She began to make her way towards the lander, hand over gloved hand, following holds built into the hull of the Soyuz. A tether trailed behind her. She felt her legs dangle behind her, inert and useless in the pressurized suit; the exertion sent a familiar warmth spreading through her arms and hands as she pulled herself along.

It was just like the three EVAs she had made from Station in Earth orbit, she told herself. Or just like the sims she had done in the Vomit Comet, or the big weightless training facility, the pool at Ellington AFB…

Except it wasn’t.

There was no Earth looming alongside the craft like a blue wall of ocean and cloud, huge and enclosing; nor was there the feel of water around her, the murky forms of swimmers to assist her.

When she raised her head from the metal surface before her, when she looked around, there was nothing. And if she let go, she felt, she was going to fall, all the way back down to that blue floor far below, like a trick diver aiming for a bathtub from a telegraph pole.

“Hey.”

She looked down. The upper half of Henry’s pressure suit, sharply lit, was protruding from the hatch; with his gloved hands he was paying out her tether.

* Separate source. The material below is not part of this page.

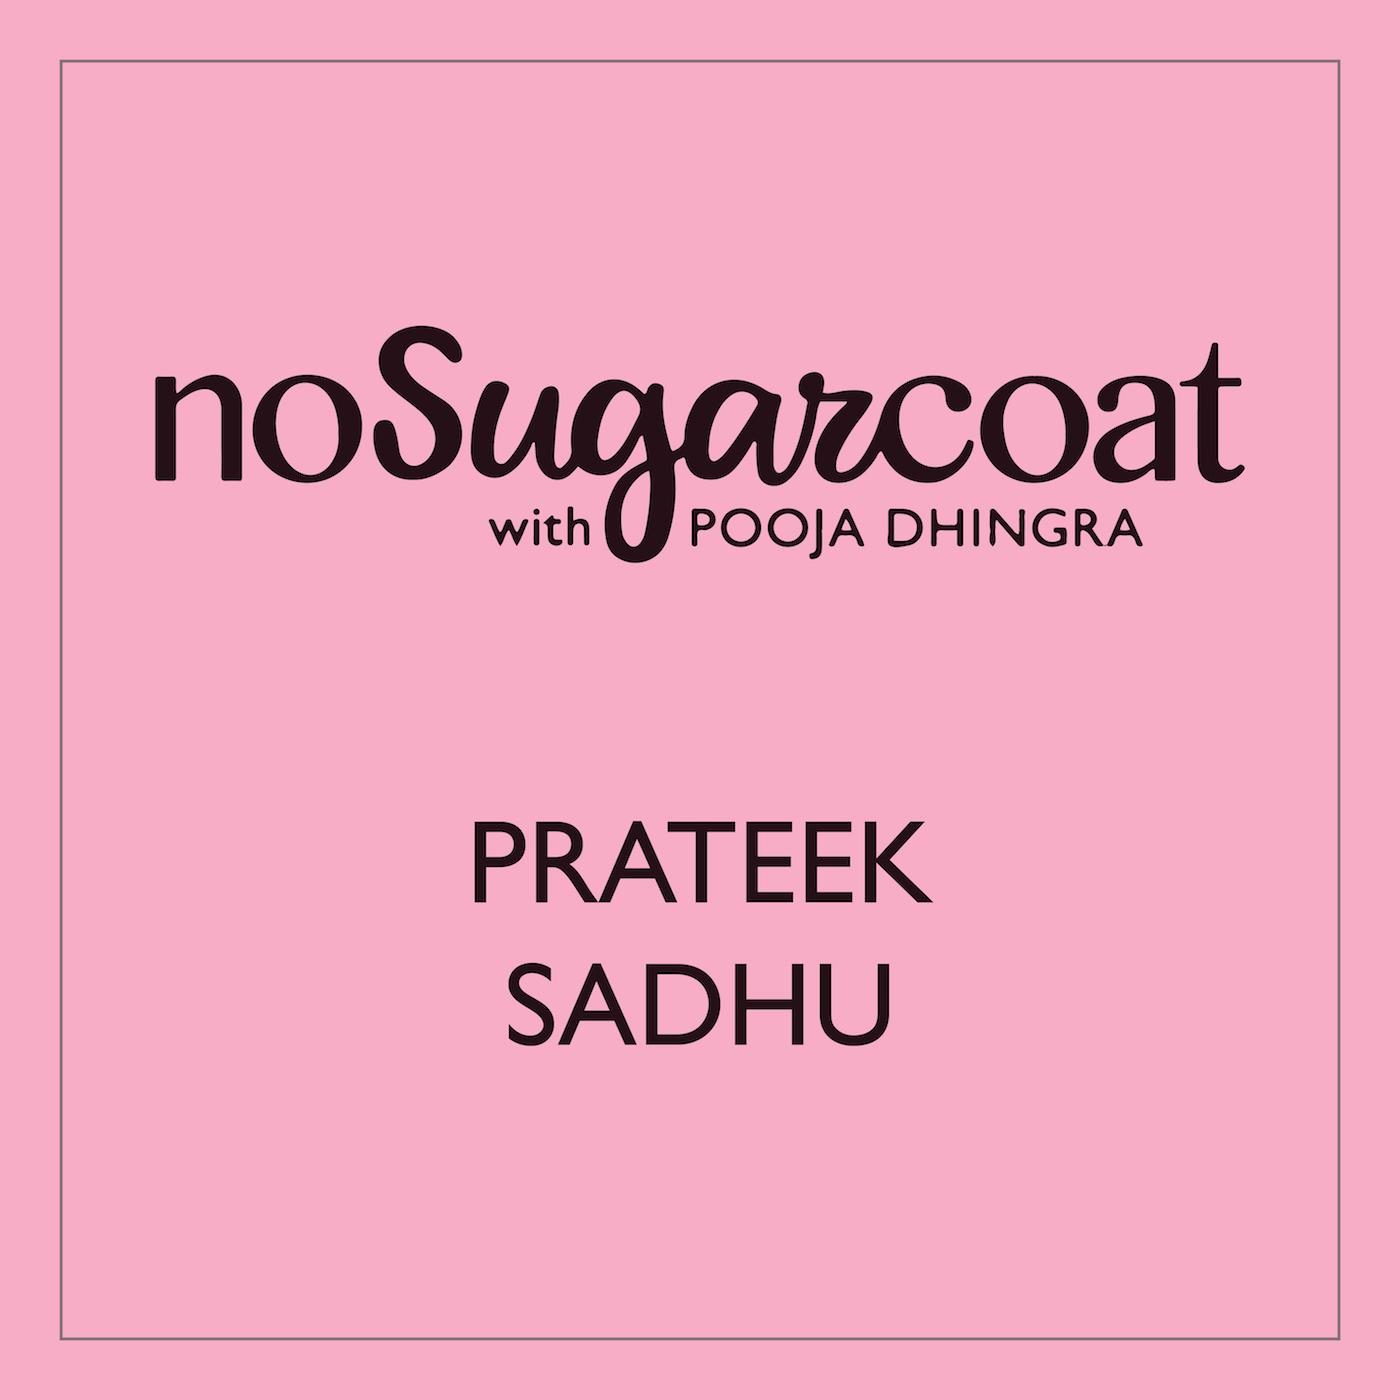 Prateek Sadhu

Henry said, “You look as if you’re going to leave fingerprints in that handrail.”

When she looked to the hull before her, she could see how her hands had wrapped themselves around a rail.

With an effort of will, she released the tension in her hands. The stiff gloves made her fingers pop open, as if spring-loaded.

She turned to the blackness. It was just so damn dark out there.

There had been no real training for this mission. None of the endless hours in the sims she’d endured during her Shuttle and Station training, so much simulation that the real thing had seemed somehow a disappointment by comparison.

But she’d always understood the real purpose of all those sims. It wasn’t to train her. It was to beat the unfamiliarity out of her, to destroy her fear.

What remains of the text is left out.